The report includes a table that shows the number of jobs in each element of the supply chain, which add up to the 10,340 that Gail Ross mentioned. Very approximately, almost half of those, or roughly 5,000, will be in rural Scotland—if Inverness is counted as rural—and nearly all of those will be in the Highlands and Islands. The vast majority of jobs on the sites are in the Highlands and Islands. The processing jobs have tended to move away from there and most are now in other parts of Scotland.

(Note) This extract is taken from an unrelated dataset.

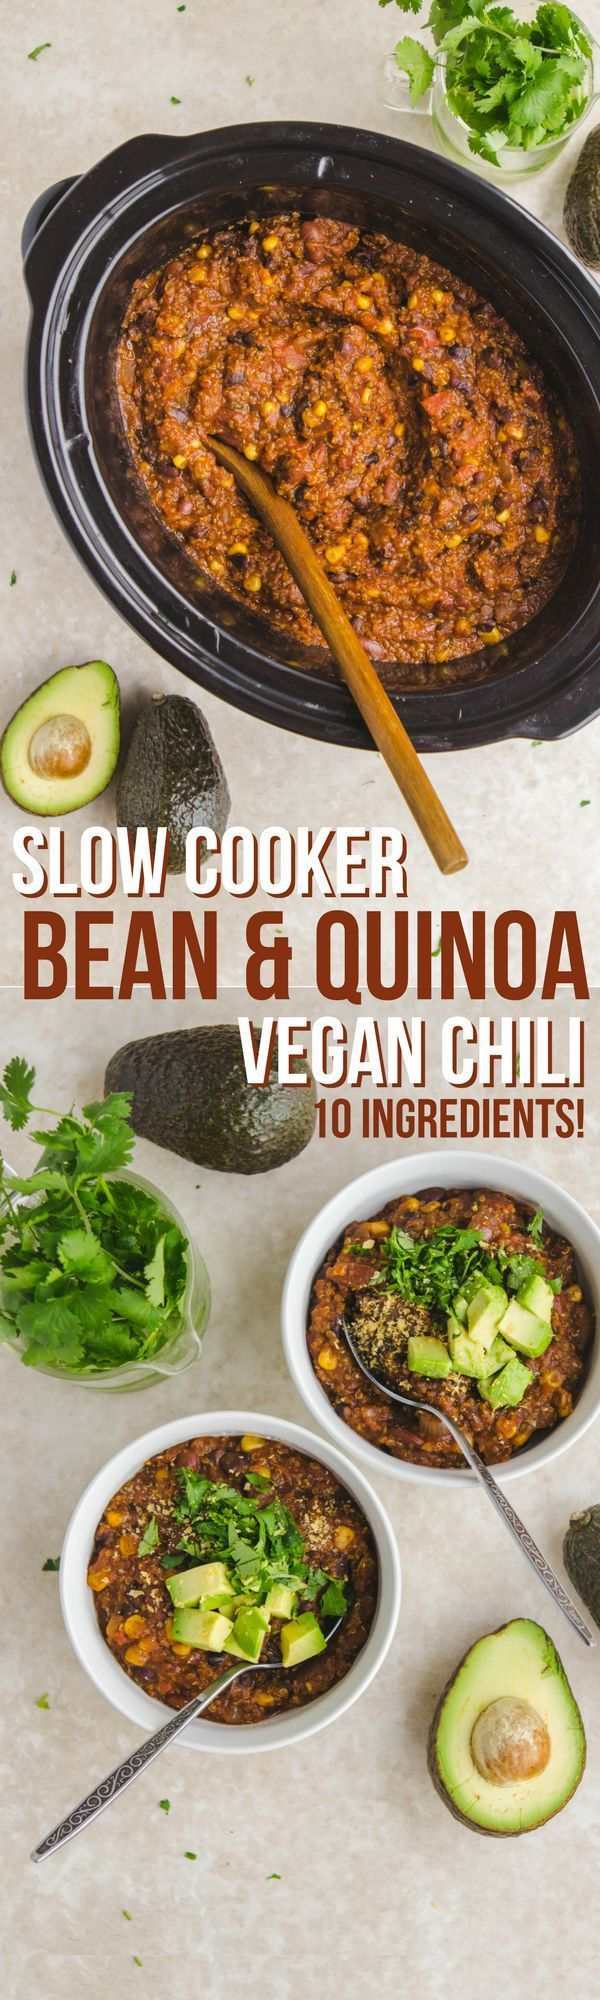 Slow Cooker Vegan Bean Quinoa Chili
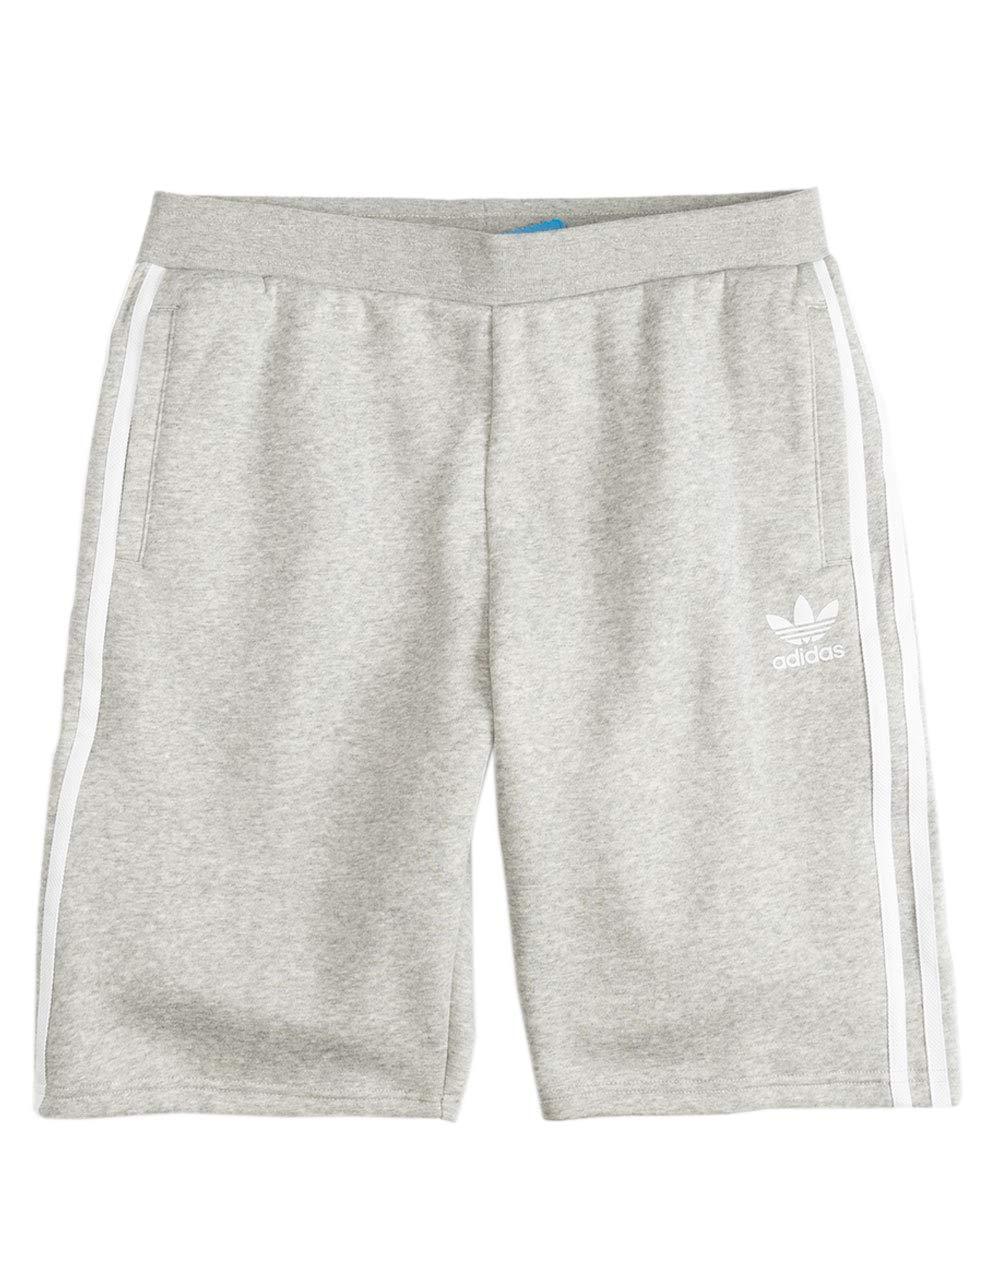 adidas Trefoil Heather Gray Boys Sweat Shorts, Heather Grey, Medium

An important aspect of job types is that, in the Scottish economy, there is increasingly a problem with the number of jobs in low-earning occupations and sectors going up and the number of higher-paying ones going down. The rates of pay for the people who work on the farms is relatively good compared with, for example, people who work in processing.

Therefore, not only is salmon farming an important employer in terms of the total, but the types of jobs have been very suitable for the people in rural areas who might not have had other opportunities—particularly with the number of farming and fishing jobs going down in many areas.

Gail Ross

In the report, you also talk about additional economic benefits. I represent a big rural constituency, so I know that at many farm sites the people with those jobs have partners who have other jobs that do things such as keeping local schools open. What social and community impacts do fish farms have in rural areas?

The report also talks about a community charter for Scottish Salmon Producers Organisation members that includes a community benefit fund. Can you tell us more about that?

Steve Westbrook

I am not very familiar with the community benefit fund.

On the impacts of individual companies that have farming sites—we have done work for Marine Harvest, the Scottish Salmon Company, Wester Ross Salmon and others on the question of employment—it has actually been a very beneficial mixture. If a company comes into an area and creates 10 or 12 jobs, about half those jobs go to local people, who then benefit from them, but other people move in to fill the other jobs. That helps to repopulate or to increase the population of areas. The workers who come in might have partners who get other jobs. Work that we have done for companies shows that quite a lot of the partners work in local hospitals, teach in local schools and so on, so there is a very strong impact.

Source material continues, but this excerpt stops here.